Using the records below, write out again exactly the lines that begin at the line containing "NauB1-Diapos-QuimiPortet" and end at the line containing "企業VP・CM・軽快で爽やかピアノ可愛いの再生済みの波形", and no other lines.

─── Dataset records ───

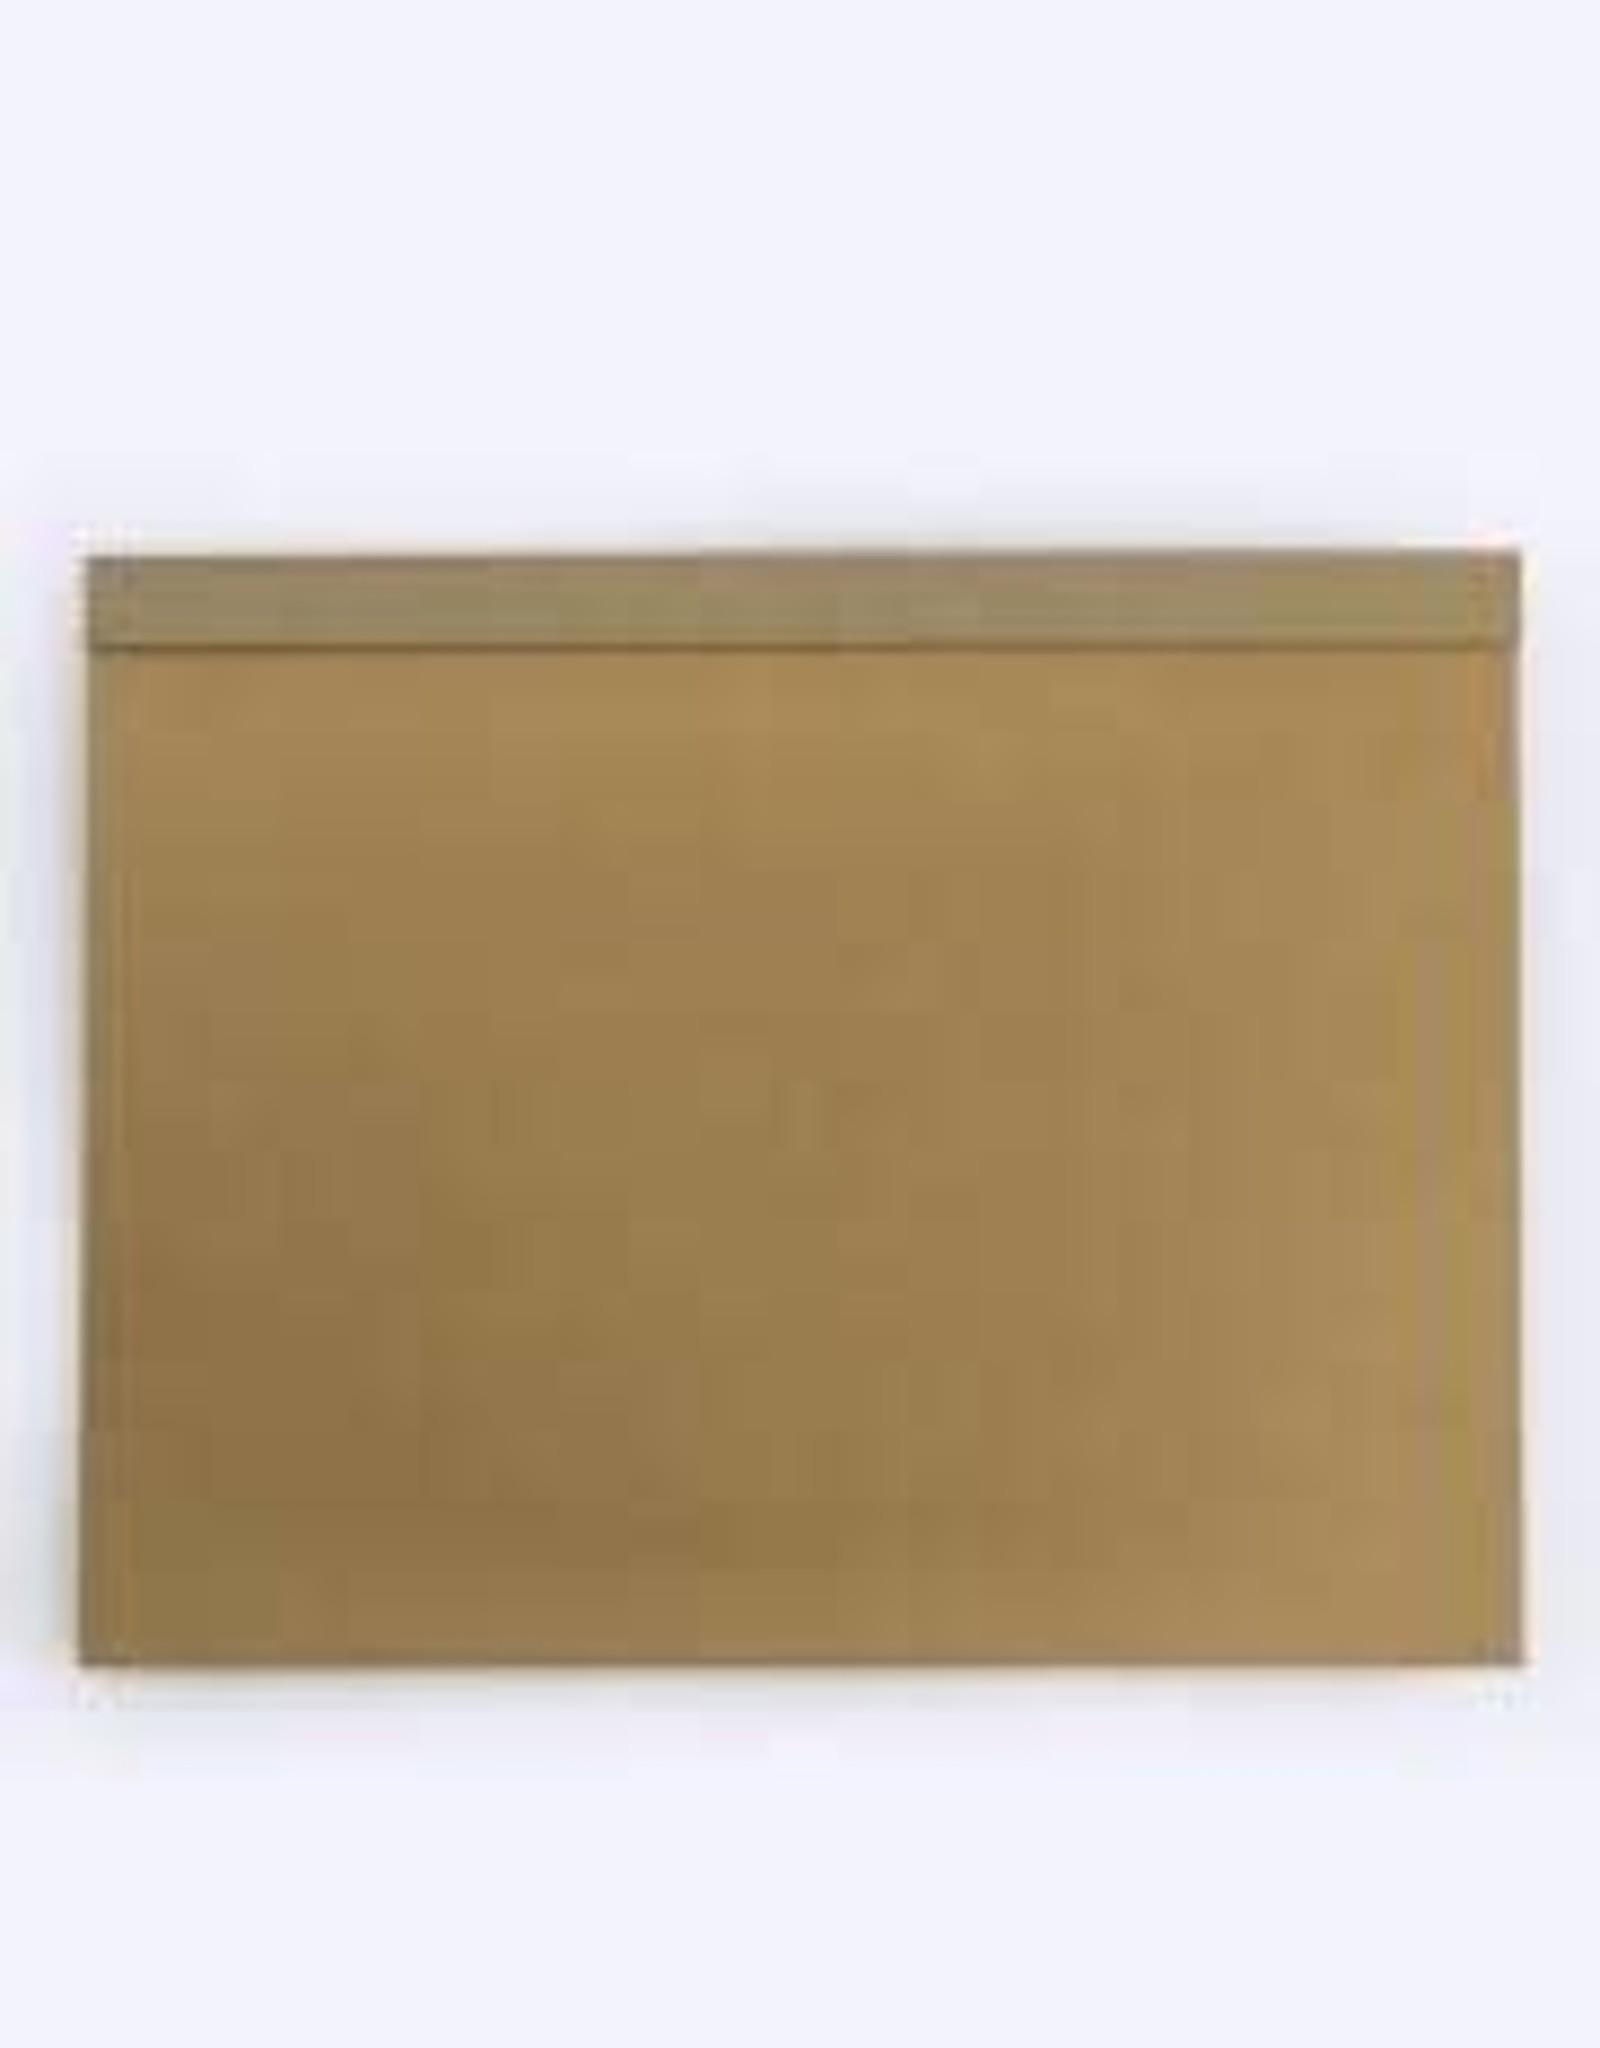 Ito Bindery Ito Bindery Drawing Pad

───
─── Dataset records ───

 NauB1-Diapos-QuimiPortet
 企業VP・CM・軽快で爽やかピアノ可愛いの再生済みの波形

───
─── Dataset records ───

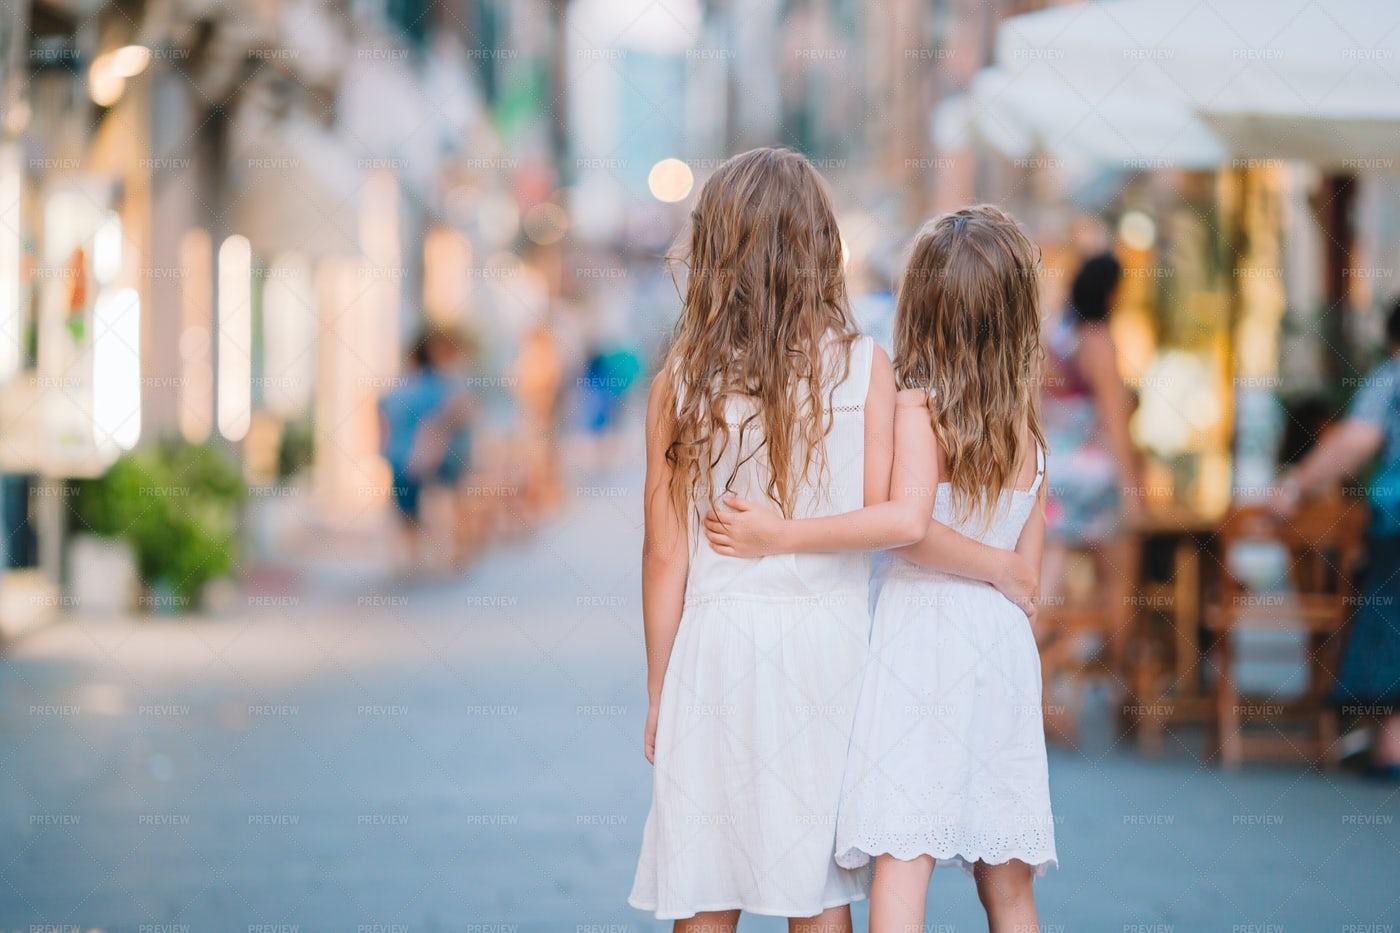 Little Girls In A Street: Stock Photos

───

▶ _Answer box_:
 NauB1-Diapos-QuimiPortet
 企業VP・CM・軽快で爽やかピアノ可愛いの再生済みの波形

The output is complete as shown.